NurseLex / webgpu_prototype.html
NurseCitizenDeveloper's picture
feat(webgpu): add actionable UI error message for enabling chrome webgpu flags
4039d9d
<div style="border: 1px solid #ddd; padding: 20px; border-radius: 8px; background: #f9fafb;">
<h3 style="margin-top: 0;">Local AI Inference Test (WebGPU)</h3>
<p id="wg-status" style="color: #6366f1; font-weight: bold;">[Status] Waiting to initialize...</p>
<div style="margin-bottom: 10px;">
<strong>Context (Simulation):</strong><br />
<textarea id="wg-context"
style="width: 100%; height: 60px; padding: 8px;">Mental Health Act 1983, Section 5(4): A nurse has the power to detain a voluntary patient who is already receiving treatment for a mental disorder, for up to 6 hours.</textarea>
</div>
<div style="margin-bottom: 10px;">
<strong>Question:</strong><br />
<input type="text" id="wg-question" style="width: 100%; padding: 8px;"
value="What power does a nurse have under Section 5(4)?" />
</div>
<button id="wg-btn"
style="background: #4f46e5; color: white; padding: 10px 15px; border: none; border-radius: 4px; cursor: pointer;"
disabled>Load Model & Ask</button>
<div style="margin-top: 15px;">
<strong>Output:</strong>
<pre id="wg-output"
style="white-space: pre-wrap; background: #1e293b; color: #a5b4fc; padding: 15px; border-radius: 6px; min-height: 100px;">(Output will appear here)</pre>
</div>
</div>
<script type="module">
// Import transformers.js (v3 is required for WebGPU support for most modern models)

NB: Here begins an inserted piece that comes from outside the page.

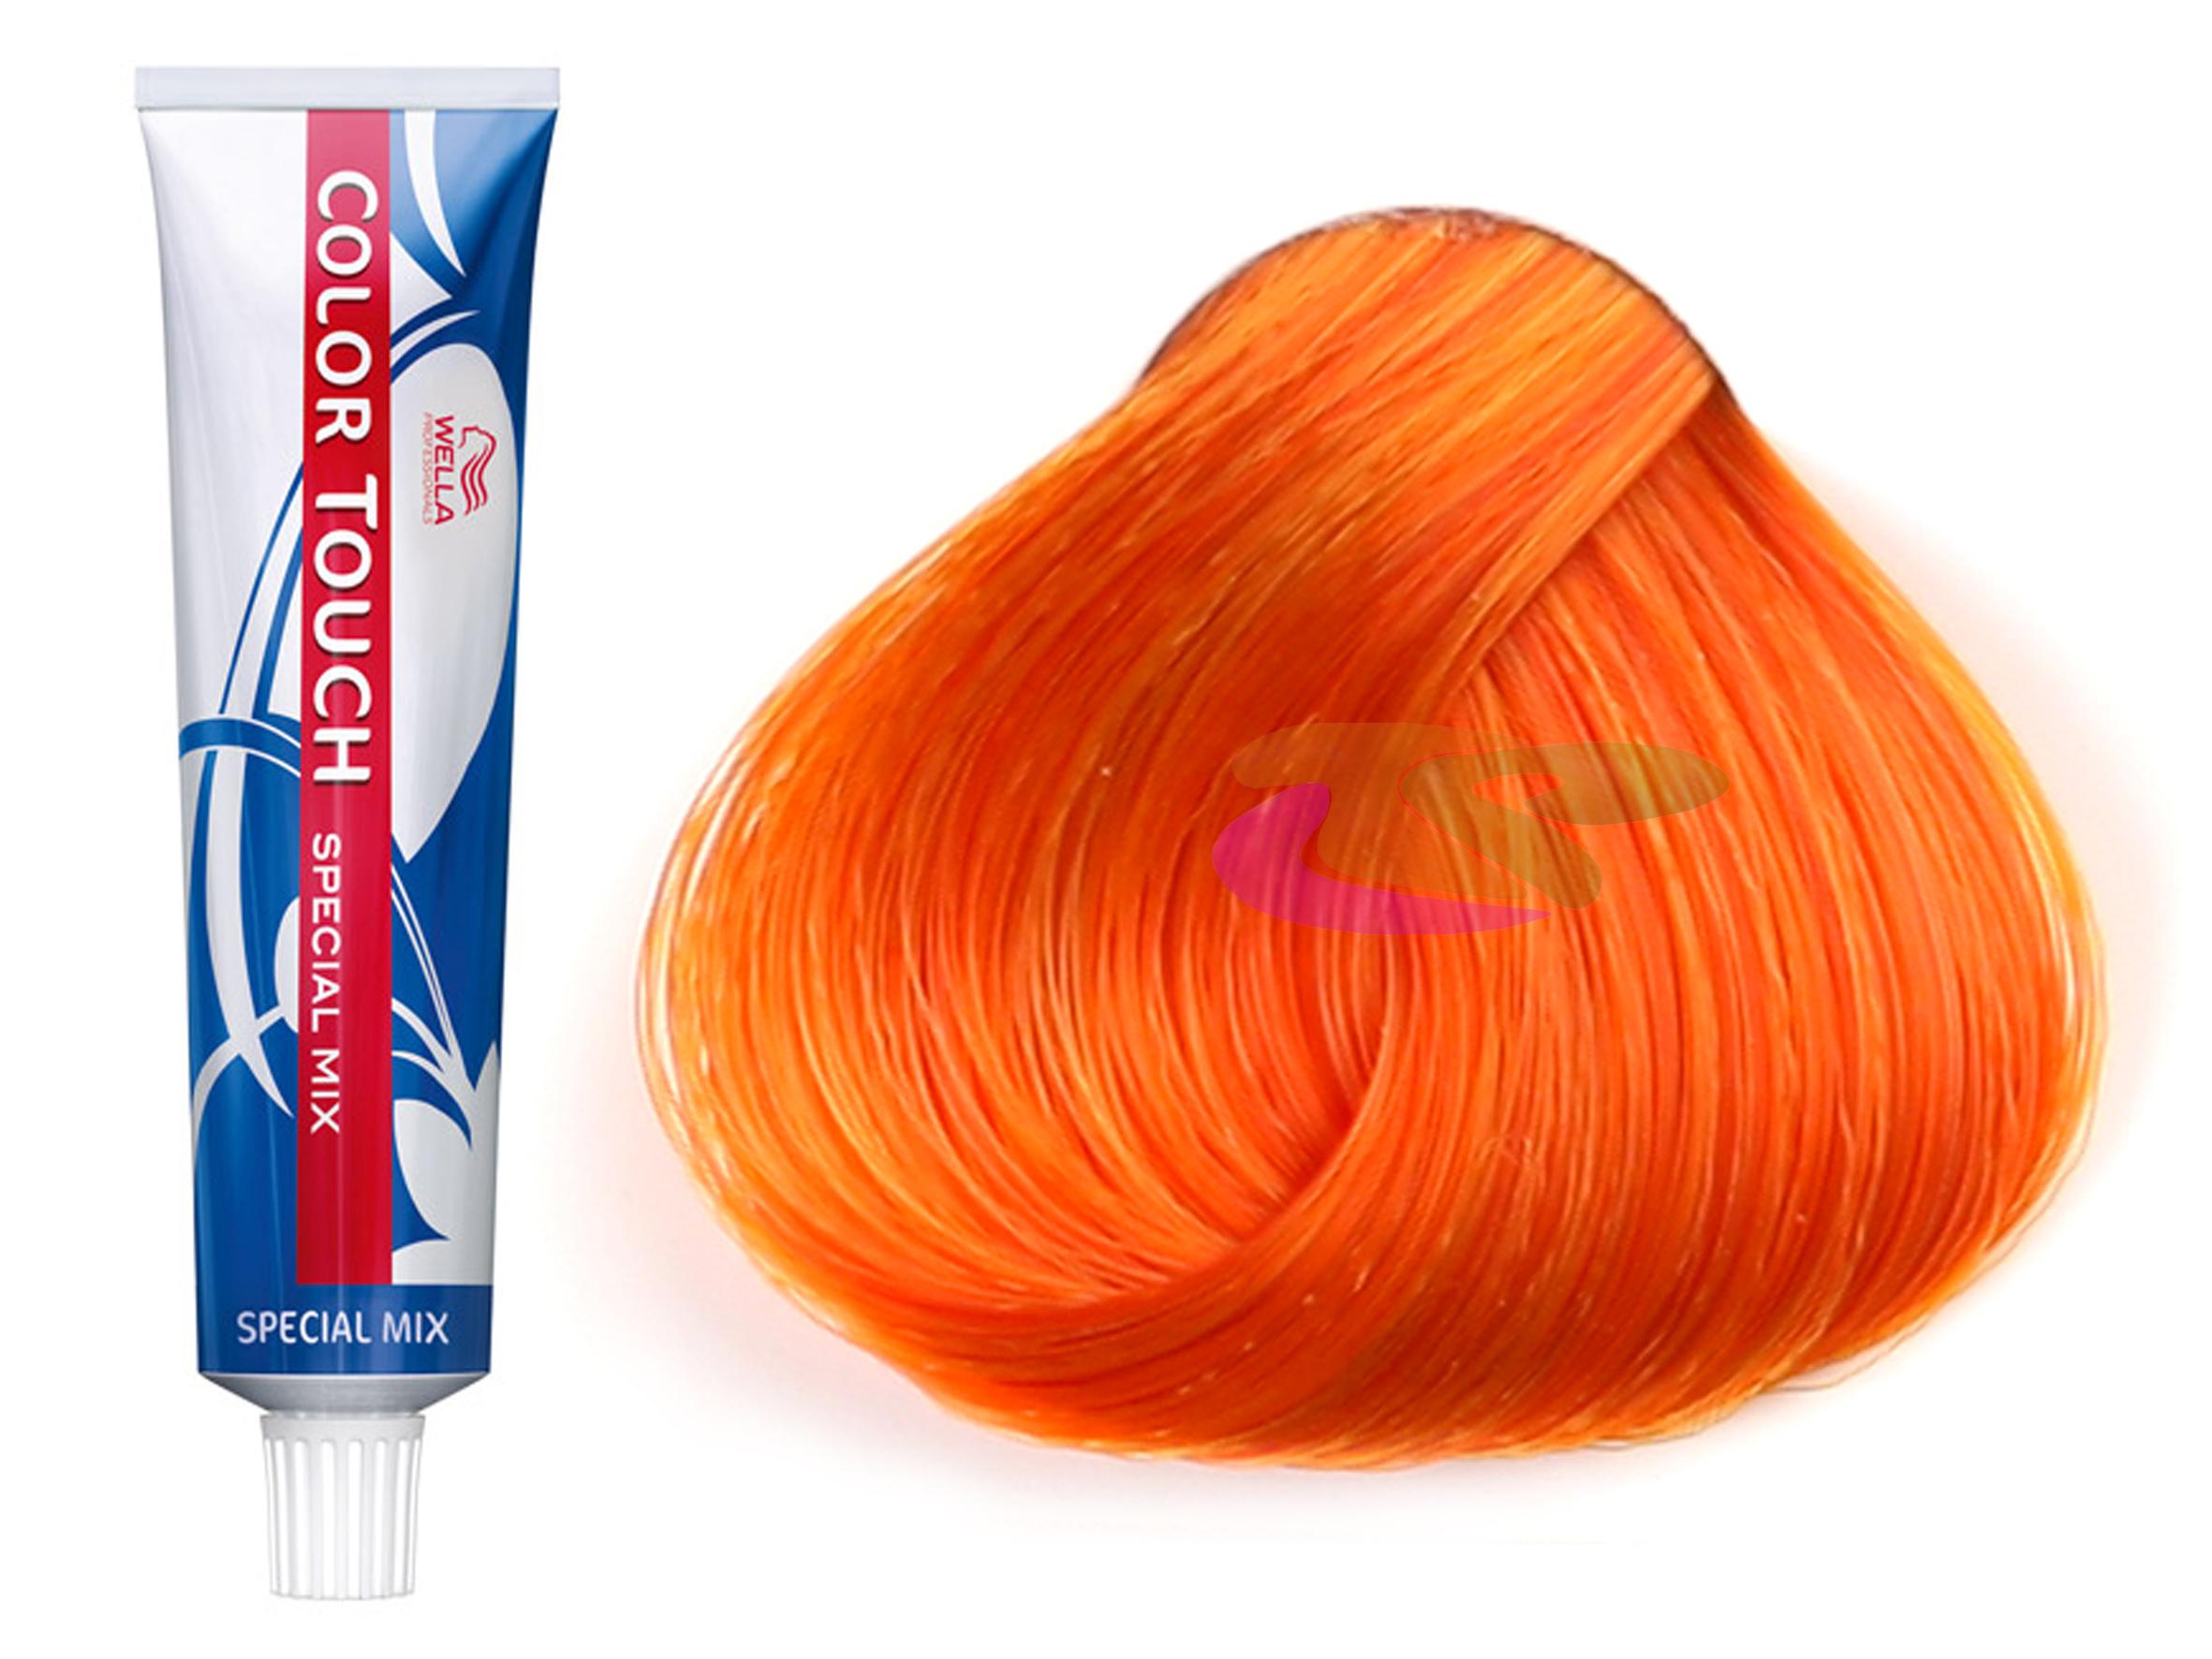 wella bao de color semipermanente color touch special mix intensificador 034 - Wella Color Touch Special Mix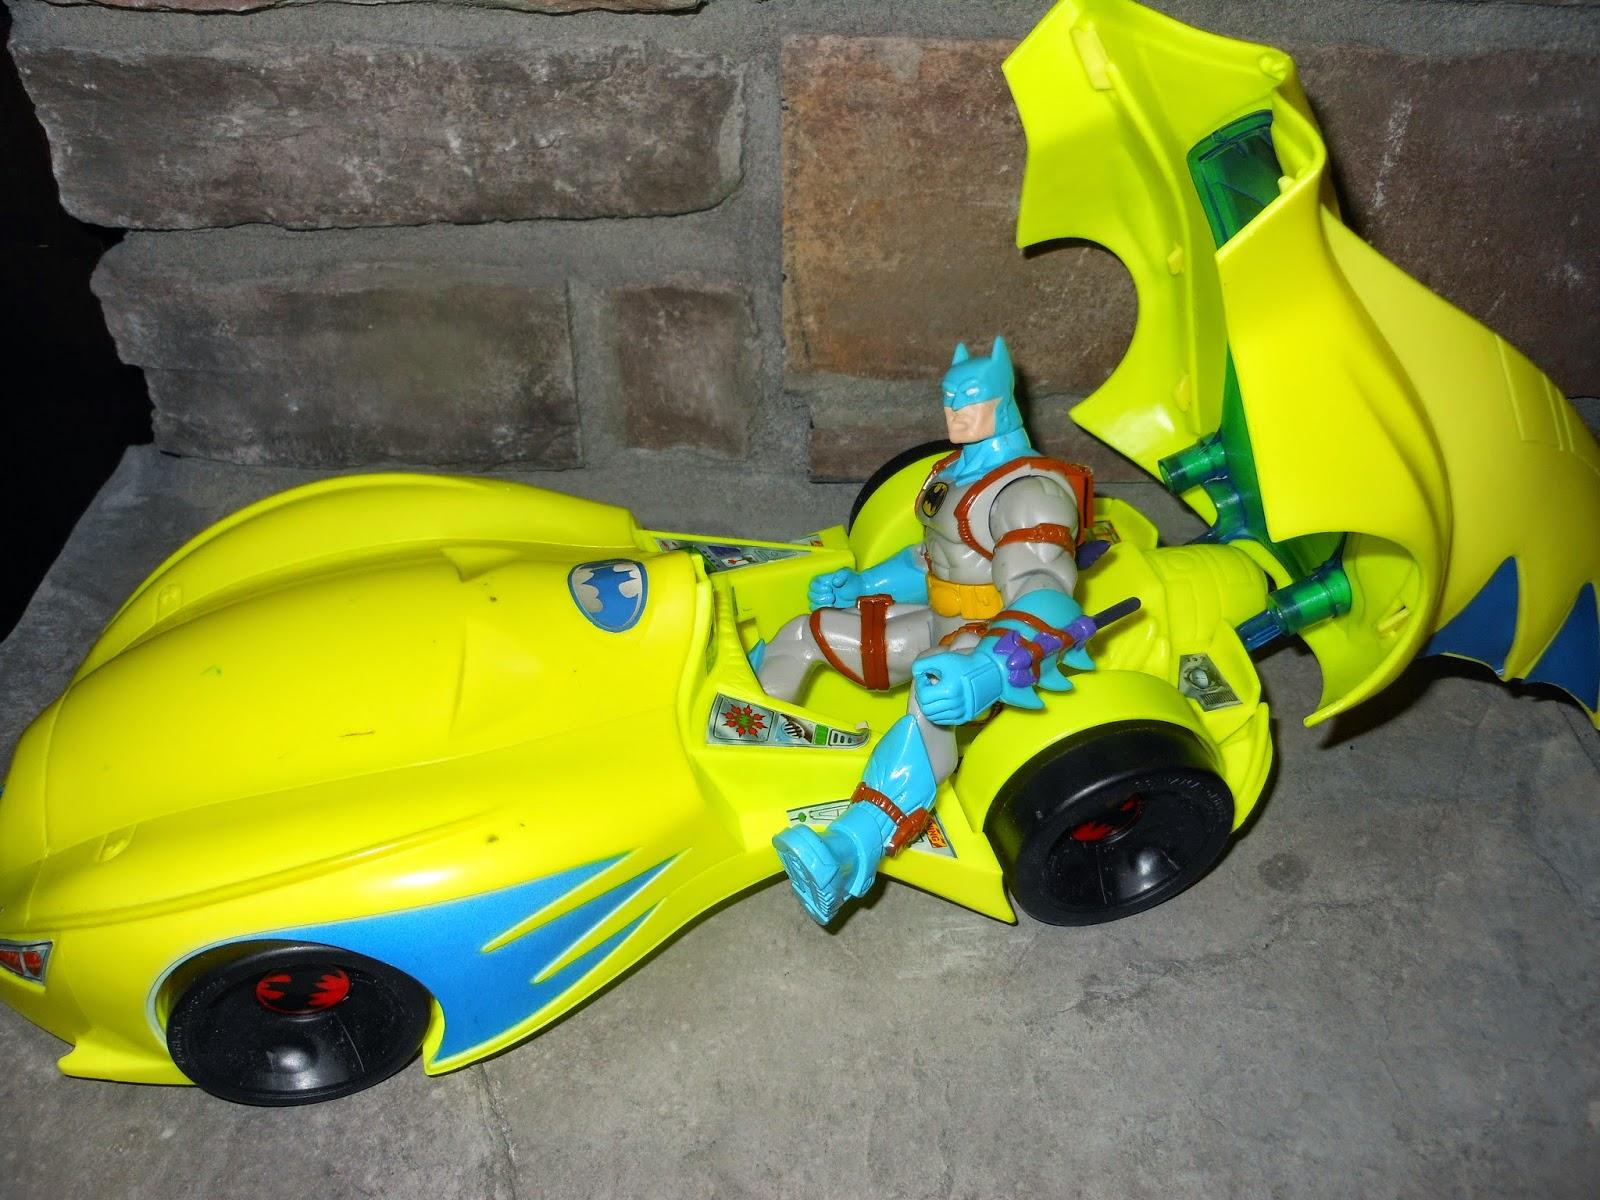 batmobile2.JPG

import { pipeline, env } from 'https://cdn.jsdelivr.net/npm/@huggingface/transformers@3.8.1';
const statusEl = document.getElementById('wg-status');
const contextEl = document.getElementById('wg-context');
const questionEl = document.getElementById('wg-question');
const btnEl = document.getElementById('wg-btn');
const outputEl = document.getElementById('wg-output');
let generator = null;
let isLoaded = false;
btnEl.disabled = false;
statusEl.textContent = '[Status] Ready to load model (Requires WebGPU capable browser like Chrome)';
btnEl.addEventListener('click', async () => {
if (!isLoaded) {
statusEl.textContent = '[Status] Downloading LFM2.5-1.2B-Thinking (~800MB). This may take a few minutes...';
btnEl.disabled = true;
try {
generator = await pipeline('text-generation', 'LiquidAI/LFM2.5-1.2B-Thinking-ONNX', {
device: 'webgpu',
dtype: 'q4' // Use int4 quantization to save memory
});
isLoaded = true;
btnEl.textContent = "Generate Answer";
statusEl.textContent = '[Status] Model loaded successfully!';
btnEl.disabled = false;
} catch (err) {
if (err.message.includes('GPU adapter') || err.message.includes('webgpu')) {
statusEl.innerHTML = '<span style="color: red;">[Status] WebGPU disabled by browser. To fix this, open a new tab and go to <b>chrome://flags/#enable-unsafe-webgpu</b>, set it to "Enabled", and restart your browser.</span>';
} else {
statusEl.textContent = '[Status] Error loading model: ' + err.message;
}
console.error(err);
btnEl.disabled = false;
return;
}
}
// Now generate
outputEl.textContent = 'Thinking...';
btnEl.disabled = true;
statusEl.textContent = '[Status] Generating text via WebGPU...';
try {
// Basic prompt format. LFM Thinking models usually use <think> tags.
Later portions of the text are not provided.